Ознакомительная версия. Доступно 25 страниц из 122
Согласившись на Тимошкины уговоры, Есенин дал себе слово: стихов мадаме не читать, о петербургских успехах не распространяться, а уж про то, что был у Блока, и Александр Александрович успехам поспособствовал и только что вышедший том сочинений подарил, – тем паче. Но когда Кулачиха вдруг встала из-за чайного стола, ушла куда-то наверх, а вернулась с книжкой Блока в руках – точь-в-точь такой, какая у него заперта в дедовом сундуке, не выдержал: похвастал. Дескать, и у меня такая, только с дарственной.
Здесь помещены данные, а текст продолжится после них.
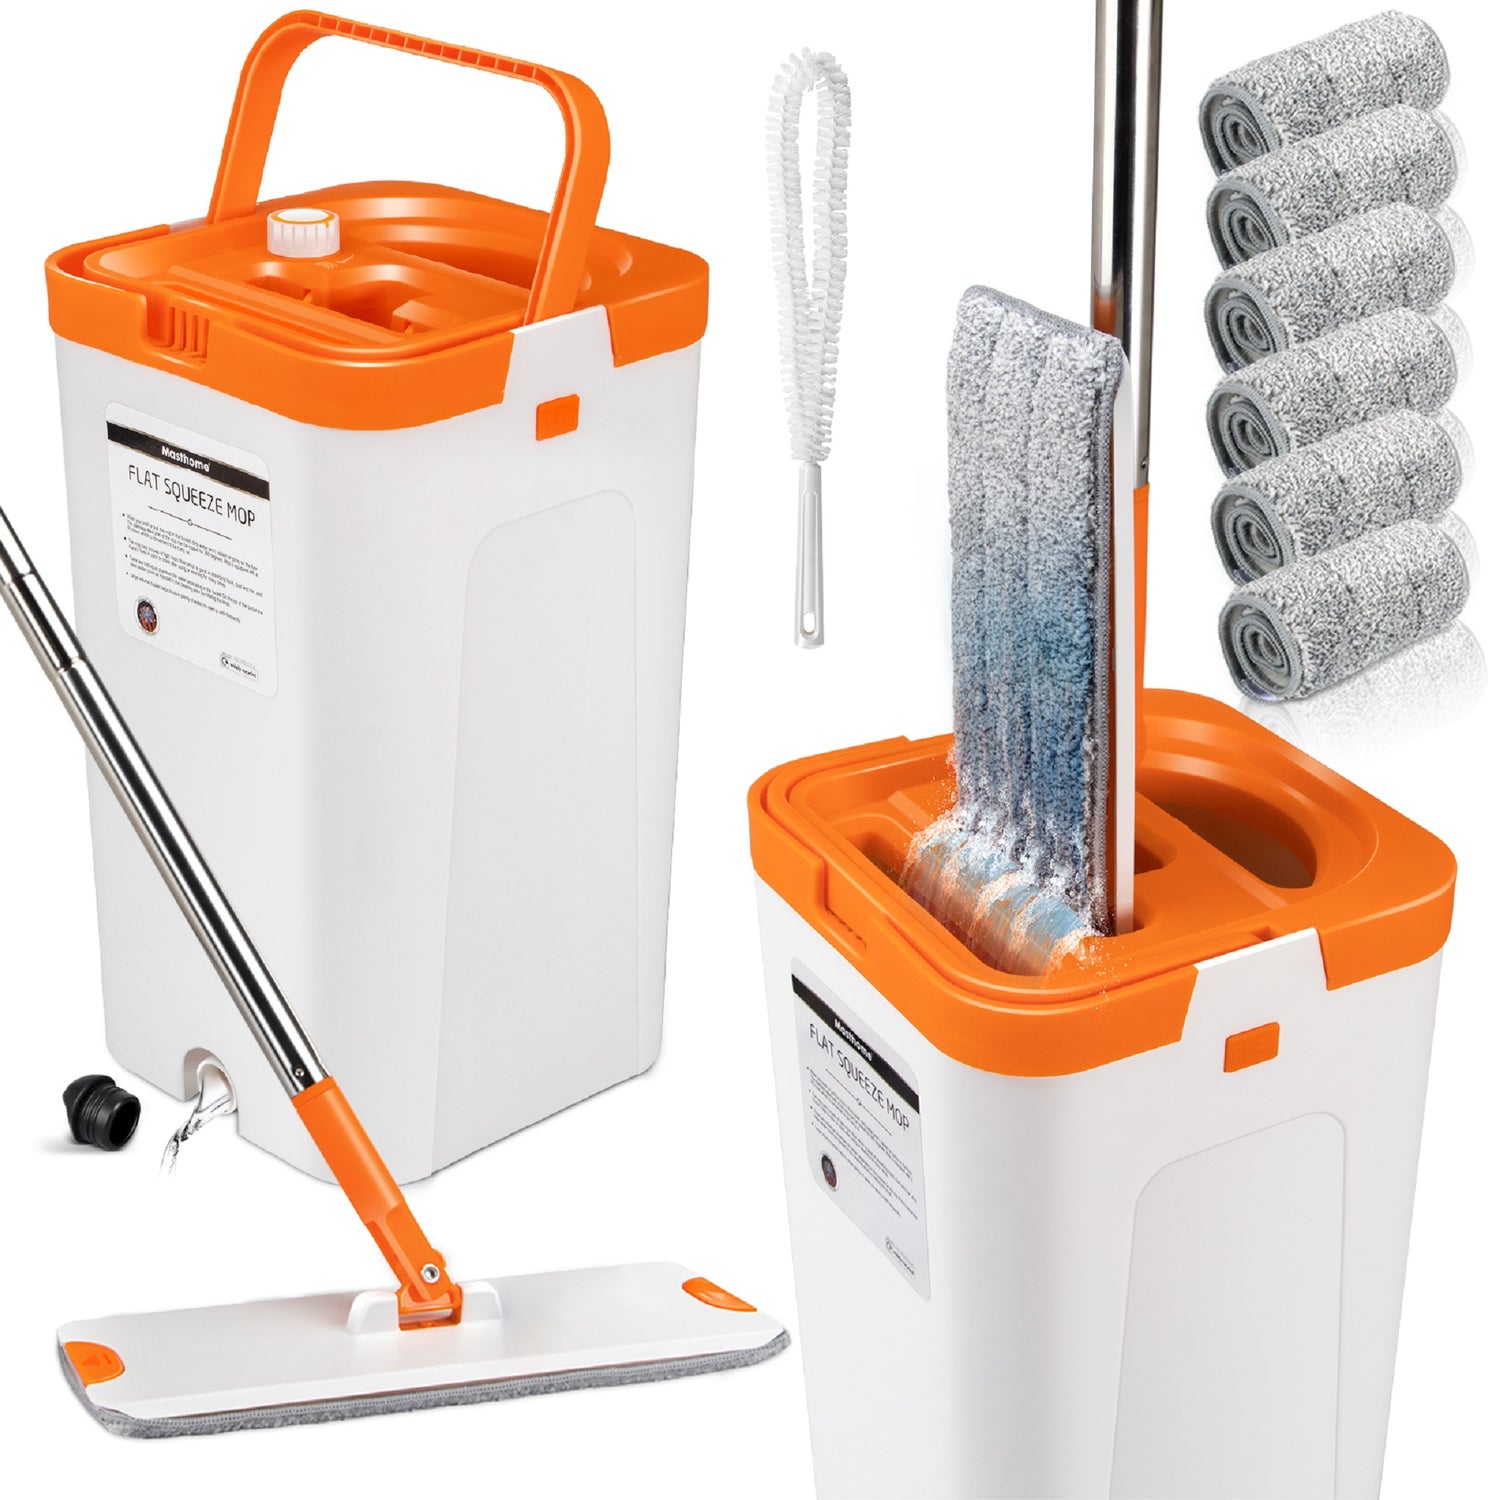 Self cleaning mop 2. Швабра Masthome, длина 141 см. Self-Cleaning Mop (самоочистка и отжим). Kit seau essoreur Wringer Bucket Kit.

Николай с Тимошкой иронически улыбались, да и Кашина, хотя и ахала, а по всему видно – не верит.
– Да я хоть сейчас принесу! Только не враз получится, книги-то у меня не дома, у деда. А это на дальнем конце, в Матово…
Тимошка и Николай заулыбались еще ехиднее, но барыня взглянула внимательней, даже голос у нее повзрослел: из старшей сестрички, привыкшей к общению со сверстниками младшего братика, вдруг выглянула важная дама, охочая до умных разговоров, выглянула и тут же спряталась:
– Нет, нет, сегодня не надо, деревня третий день гуляет, перепились, озоруют, задираются, лучше завтра… Приходите к обеду, мы здесь по-деревенски, в три обедаем, потом Тимофей Васильевич с детьми займется, а мы с Вами, Сережа, – Блоком. Очень мне почерк его любопытен, я в гимназии графологией увлекалась.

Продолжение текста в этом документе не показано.